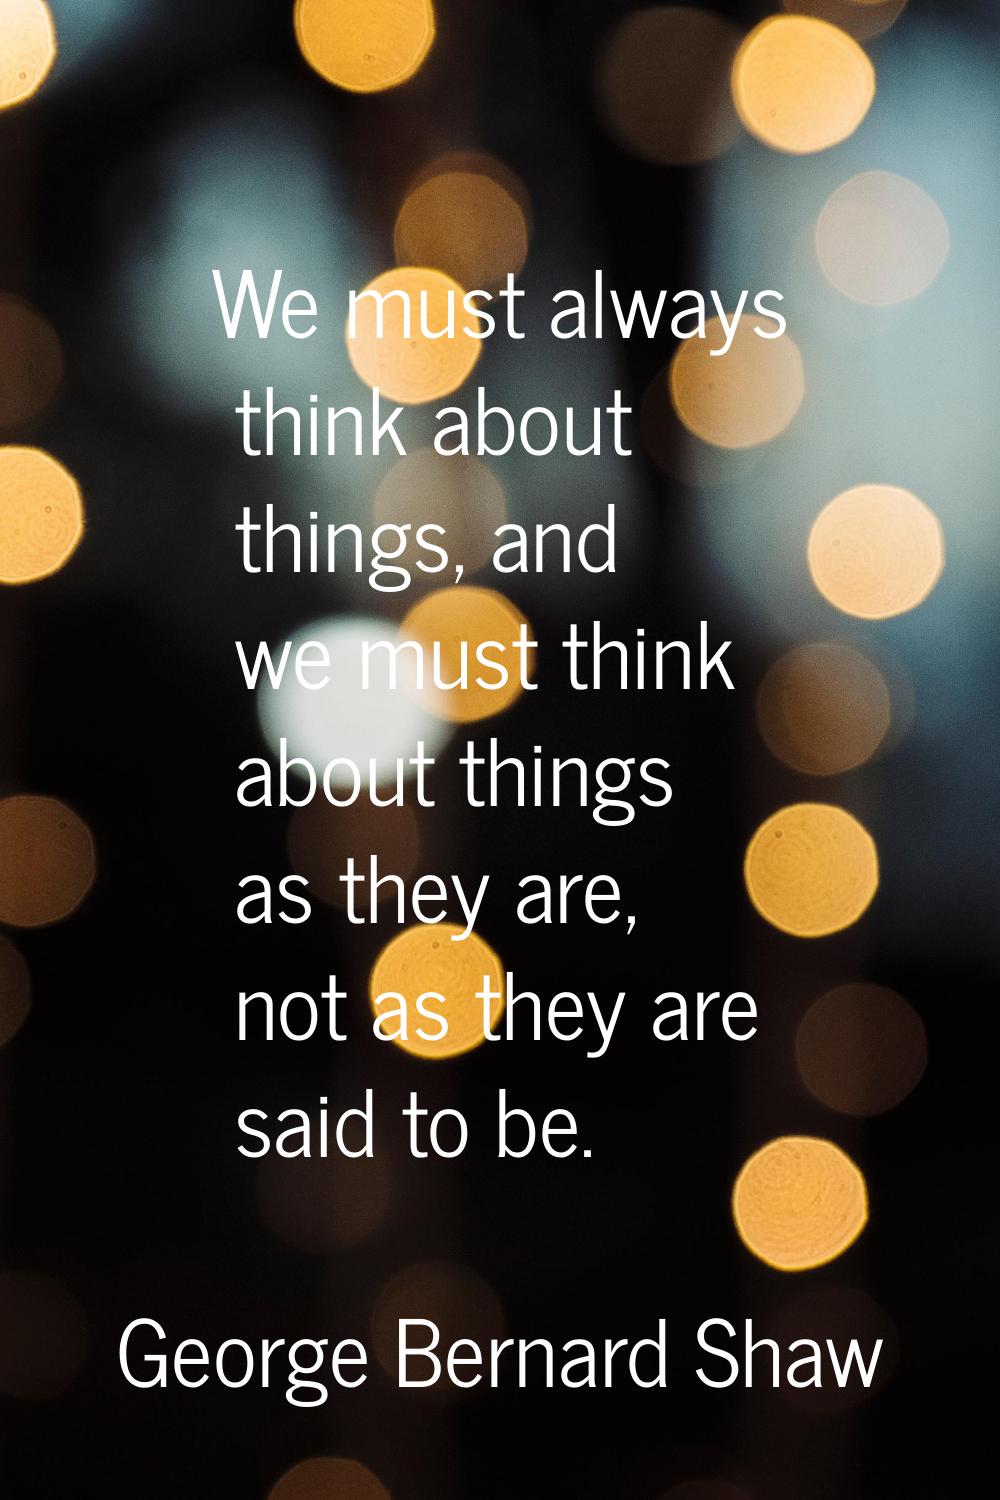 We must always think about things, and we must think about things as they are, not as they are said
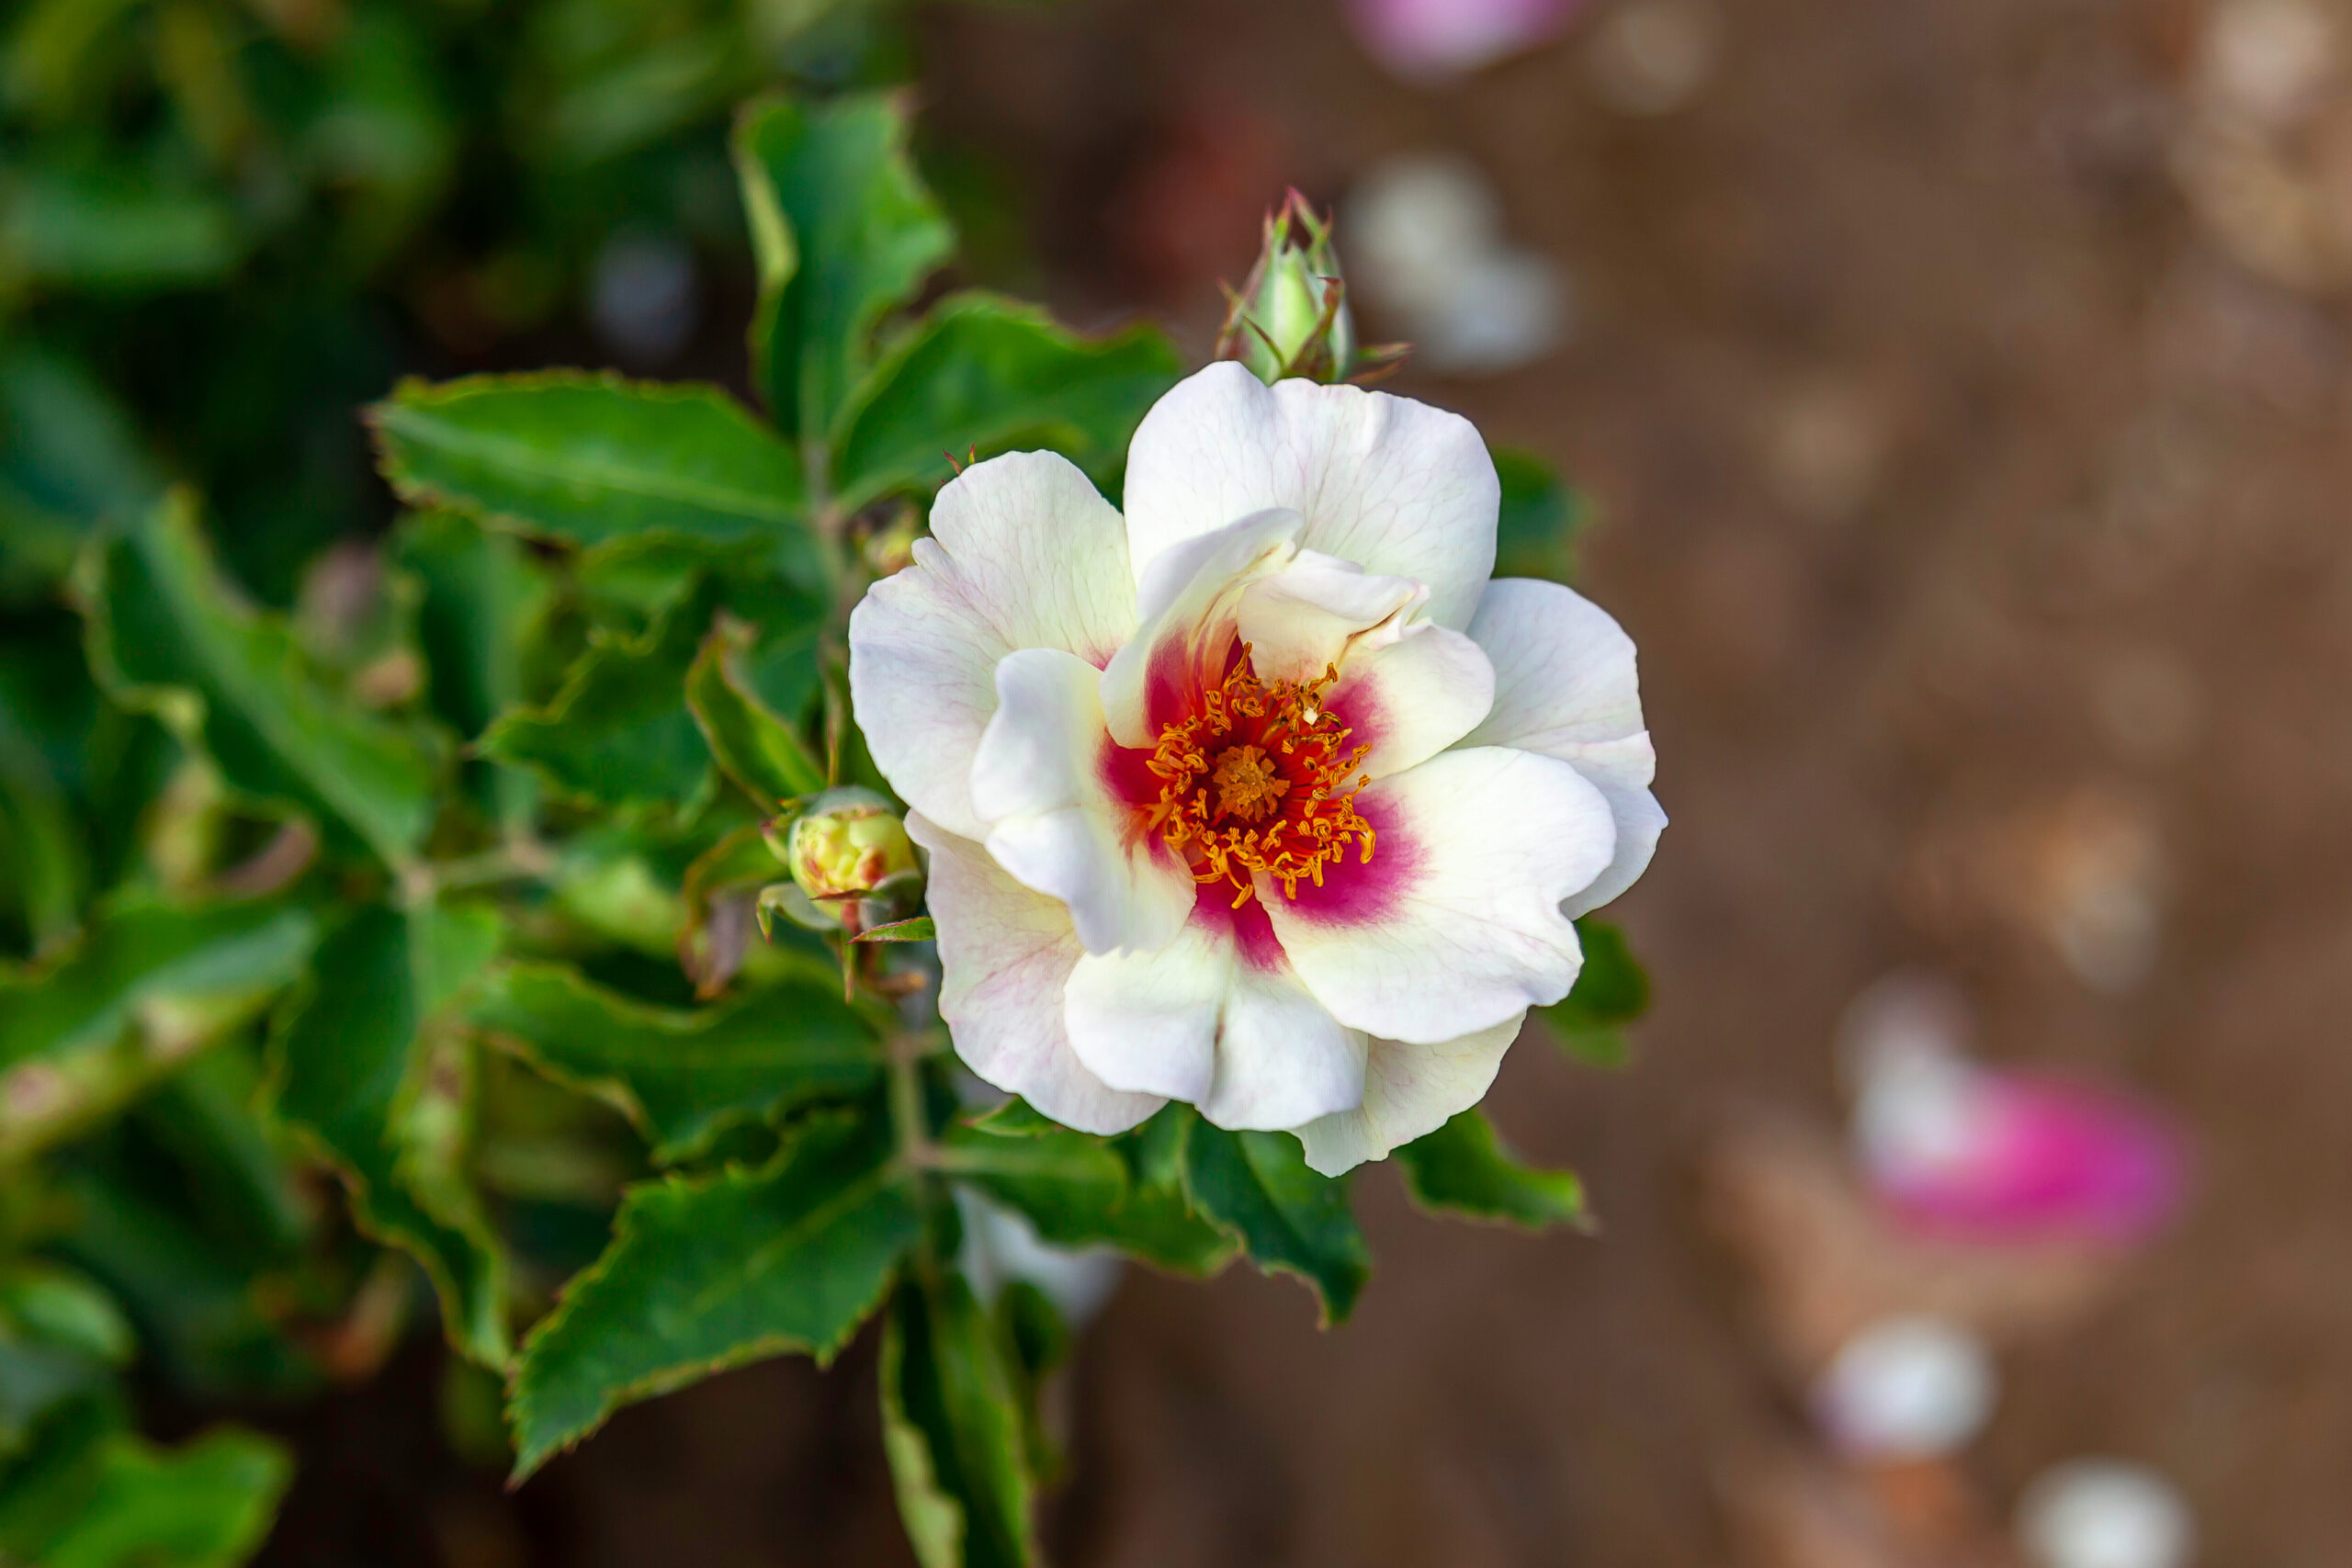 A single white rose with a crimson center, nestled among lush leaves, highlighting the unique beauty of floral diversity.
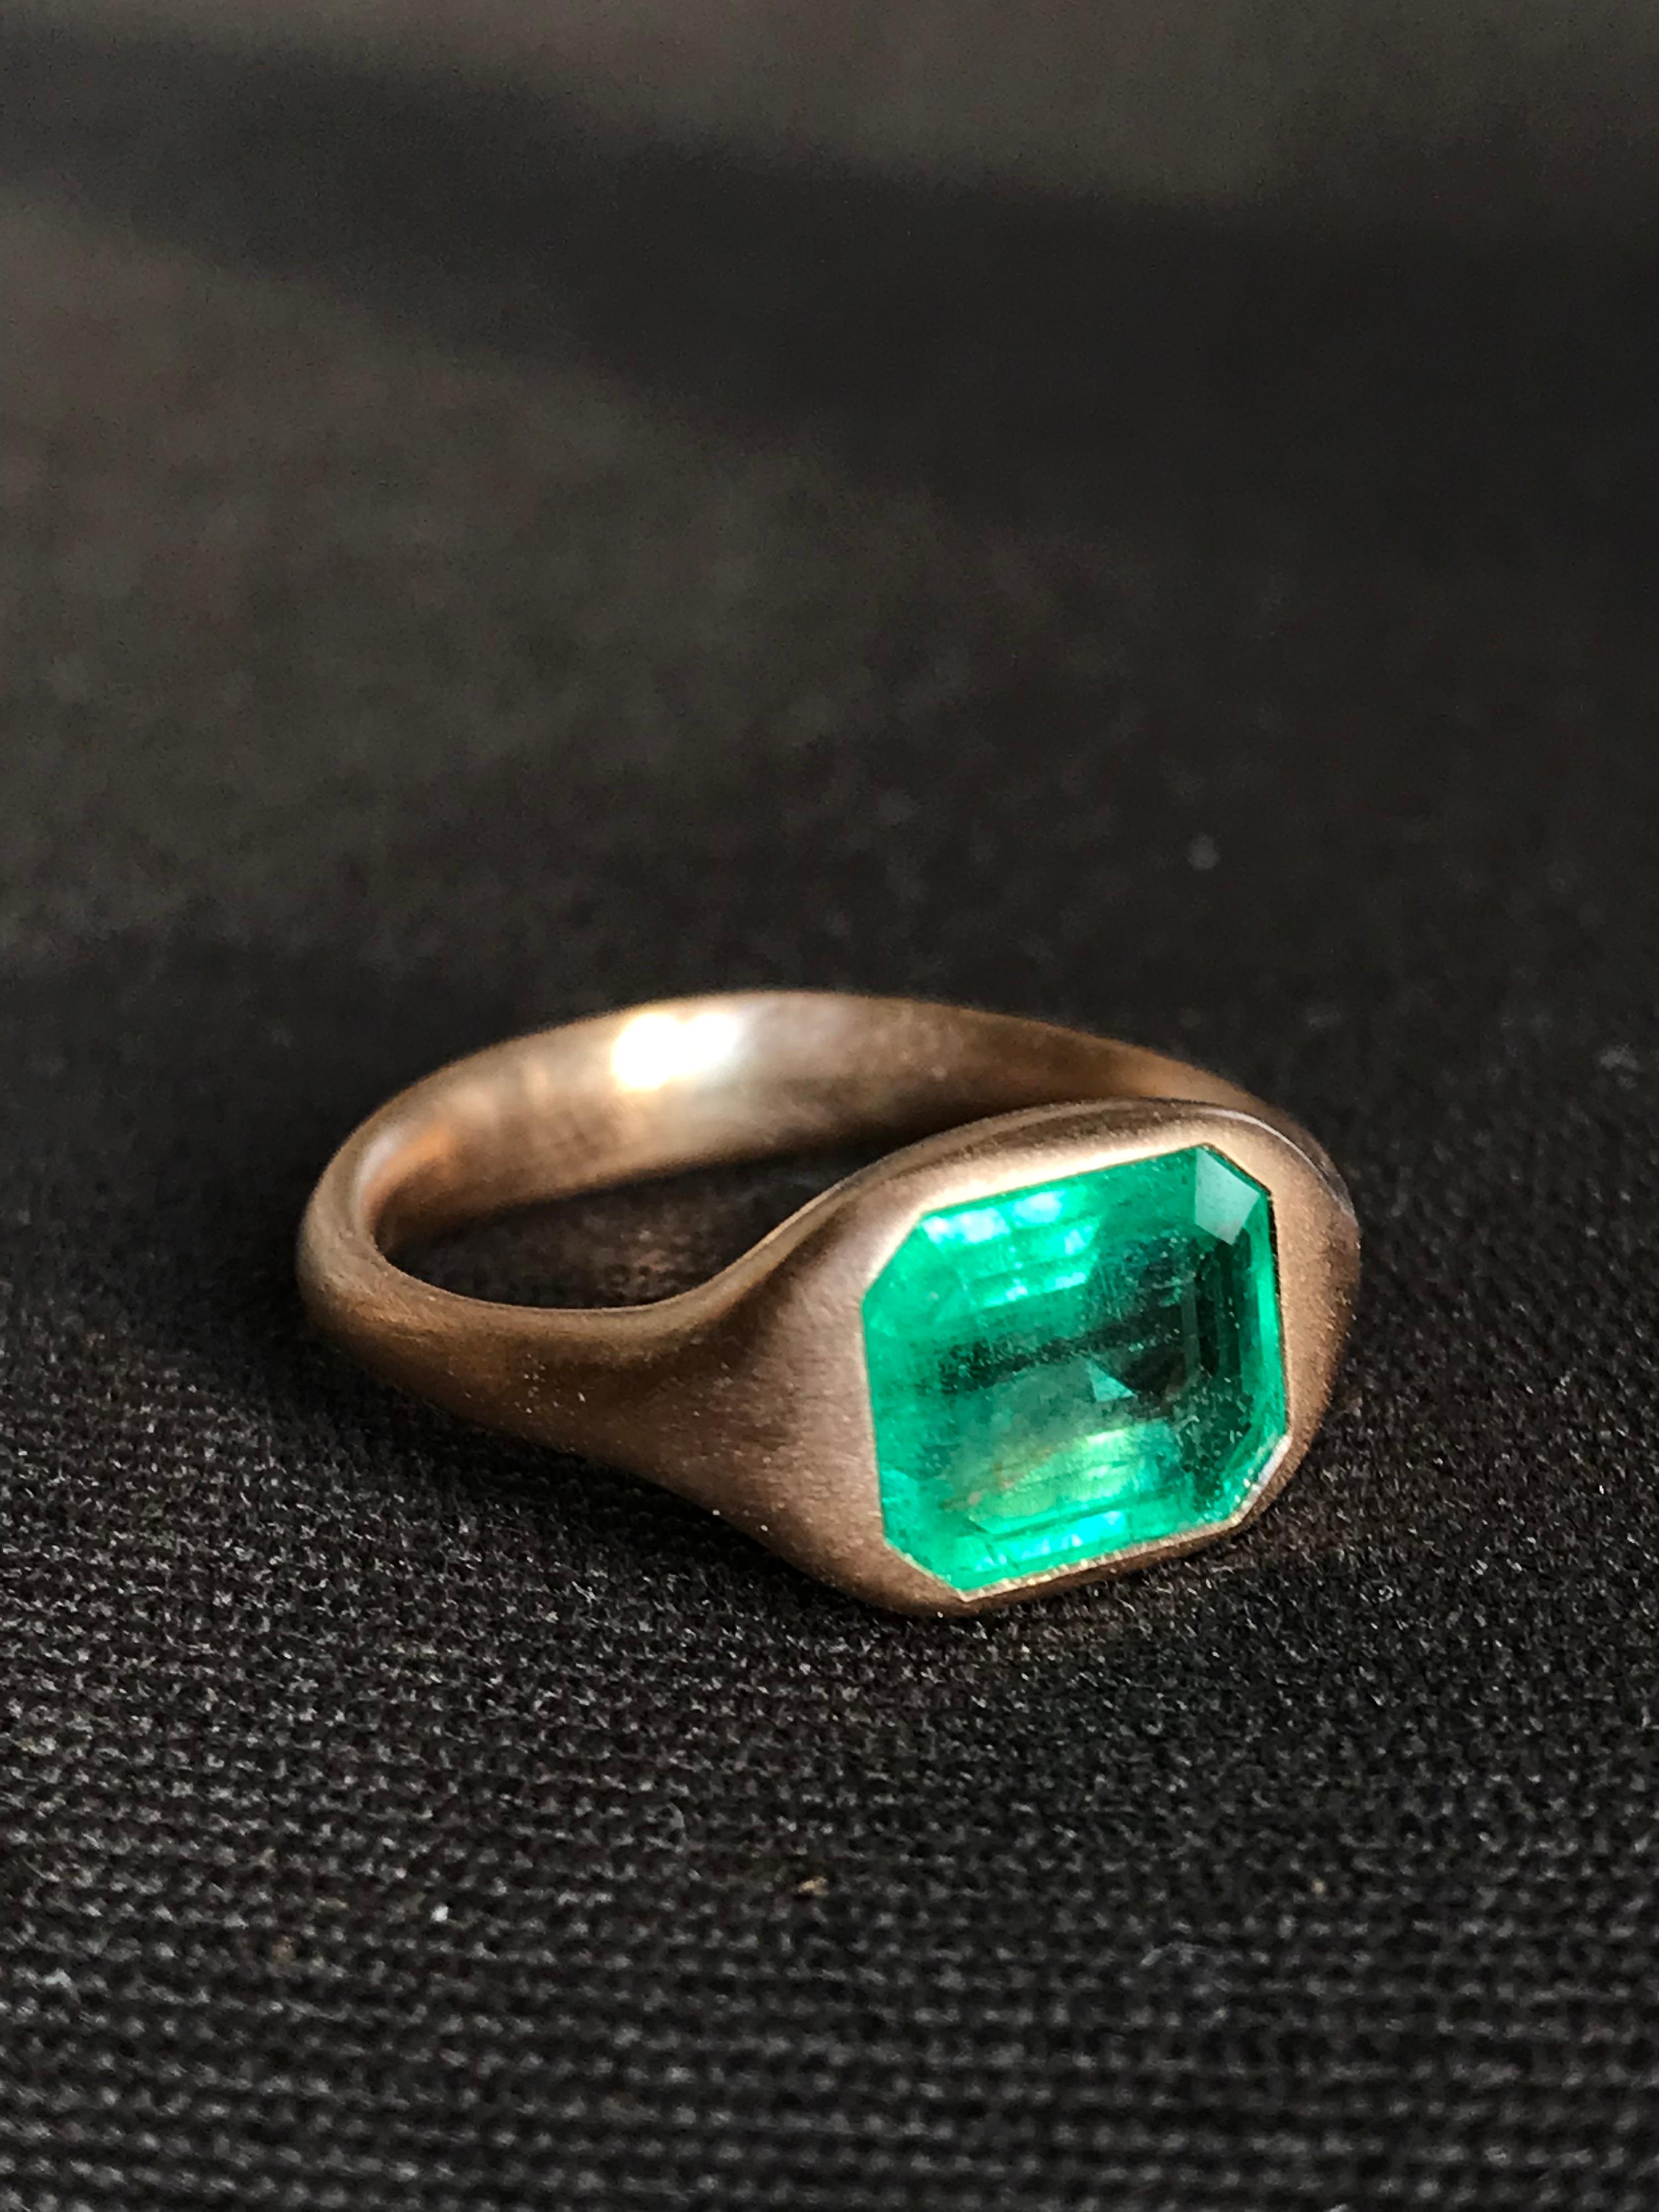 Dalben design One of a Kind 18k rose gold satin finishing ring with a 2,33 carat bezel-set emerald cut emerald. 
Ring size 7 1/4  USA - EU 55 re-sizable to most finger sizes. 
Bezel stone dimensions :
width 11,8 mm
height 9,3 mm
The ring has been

......

> **TASK TO CARRY OUT**
After finding the line that contains "Ring size 7" in the records above, copy that line and each one after it exactly, through the final line.

> **OUTPUT BELOW**
Ring size 7 1/4  USA - EU 55 re-sizable to most finger sizes. 
Bezel stone dimensions :
width 11,8 mm
height 9,3 mm
The ring has been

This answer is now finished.